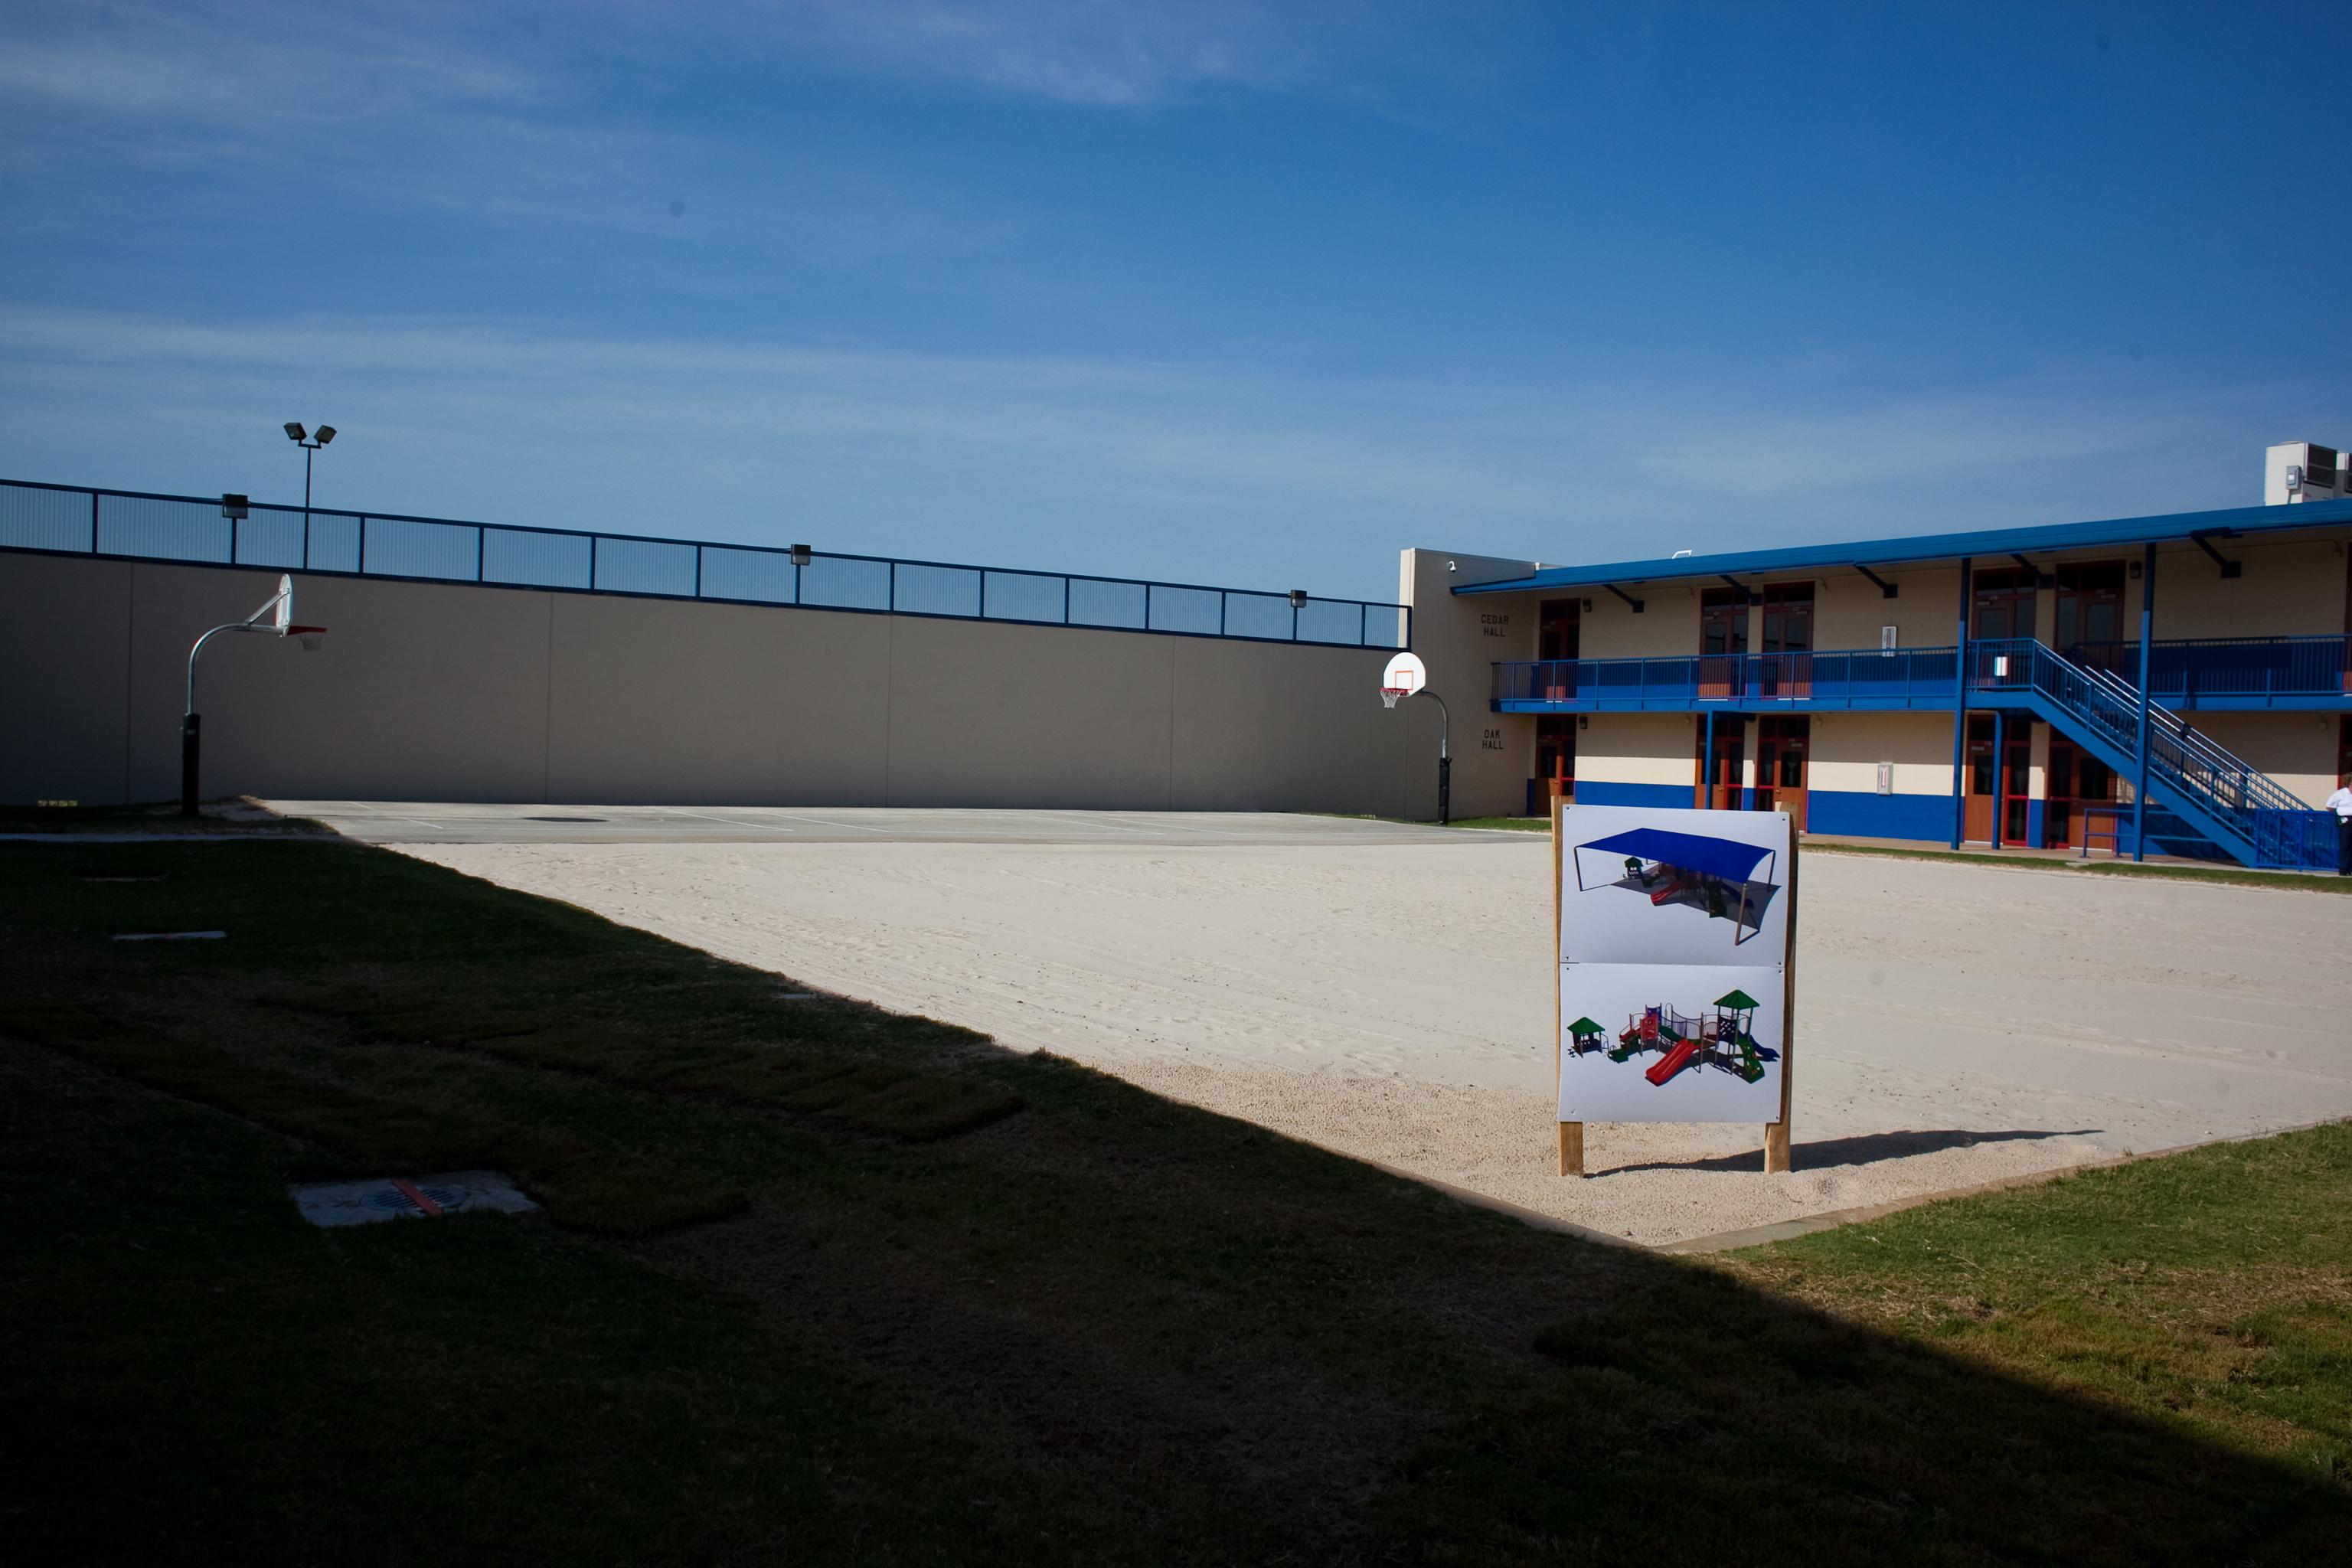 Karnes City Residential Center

# # # # # # #

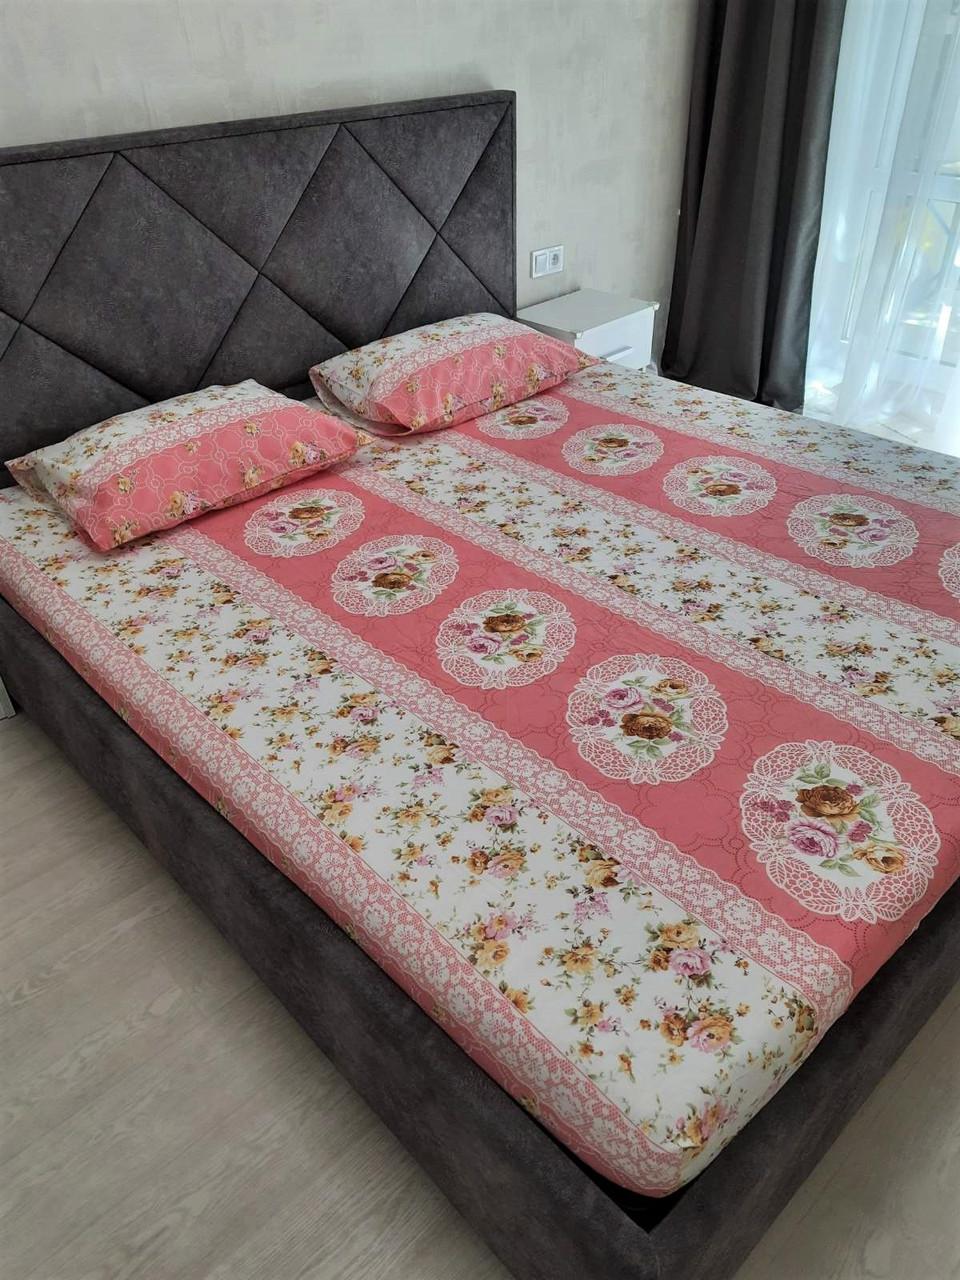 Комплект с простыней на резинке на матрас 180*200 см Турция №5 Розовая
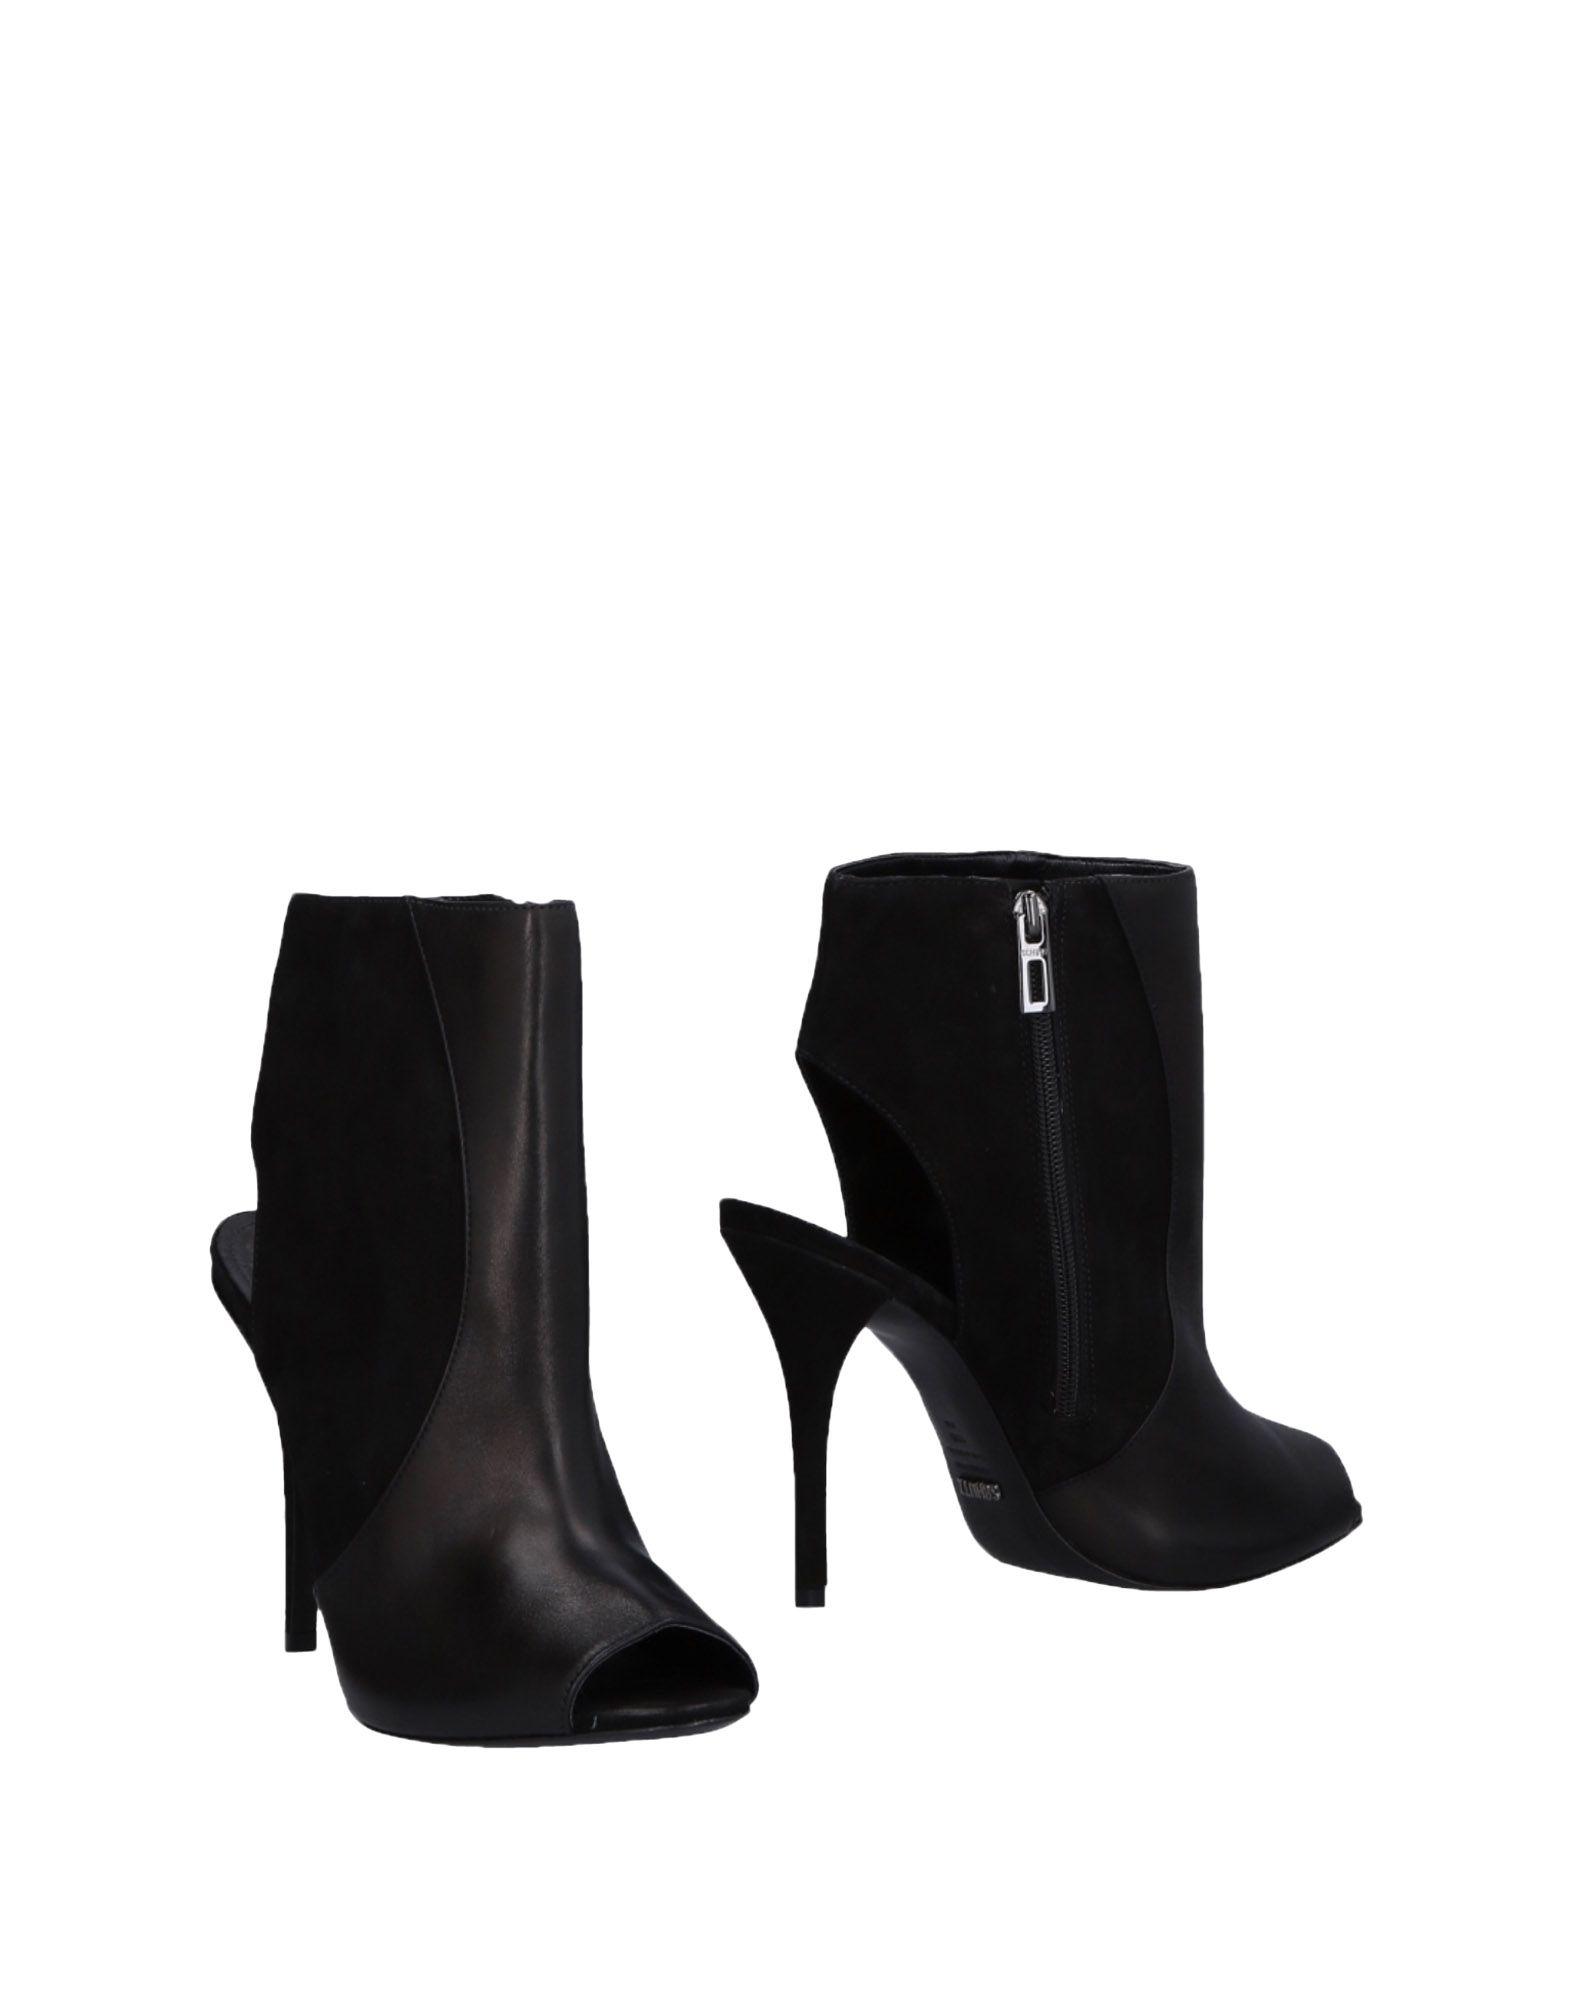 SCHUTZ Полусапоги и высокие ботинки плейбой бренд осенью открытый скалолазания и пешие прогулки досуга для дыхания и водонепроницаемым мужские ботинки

# # # # # # #

▸ Task item
Print exactly the lines above that run from the one with "Комплект с простыней" down to the one with "SCHUTZ Полусапоги и", and omit the pictures.

▸ Answer for this exercise
 Комплект с простыней на резинке на матрас 180*200 см Турция №5 Розовая
 SCHUTZ Полусапоги и высокие ботинки плейбой бренд осенью открытый скалолазания и пешие прогулки досуга для дыхания и водонепроницаемым мужские ботинки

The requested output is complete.